▸ DATASET EXTRACT:
------------------------------------------------------------------------

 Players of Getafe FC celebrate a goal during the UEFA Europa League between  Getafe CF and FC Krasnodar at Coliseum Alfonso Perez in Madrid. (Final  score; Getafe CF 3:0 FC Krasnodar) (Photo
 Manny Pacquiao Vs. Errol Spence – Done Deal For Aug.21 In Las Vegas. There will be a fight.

------------------------------------------------------------------------

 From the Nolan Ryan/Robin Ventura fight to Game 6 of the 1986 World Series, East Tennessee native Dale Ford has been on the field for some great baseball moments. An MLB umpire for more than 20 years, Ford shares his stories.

------------------------------------------------------------------------

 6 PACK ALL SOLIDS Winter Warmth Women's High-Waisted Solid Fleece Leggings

------------------------------------------------------------------------

What you return should be exactly the lines above, starting at the one with "Players of Getafe" and ending at the one with "Manny Pacquiao Vs.", and nothing else.

 Players of Getafe FC celebrate a goal during the UEFA Europa League between  Getafe CF and FC Krasnodar at Coliseum Alfonso Perez in Madrid. (Final  score; Getafe CF 3:0 FC Krasnodar) (Photo
 Manny Pacquiao Vs. Errol Spence – Done Deal For Aug.21 In Las Vegas. There will be a fight.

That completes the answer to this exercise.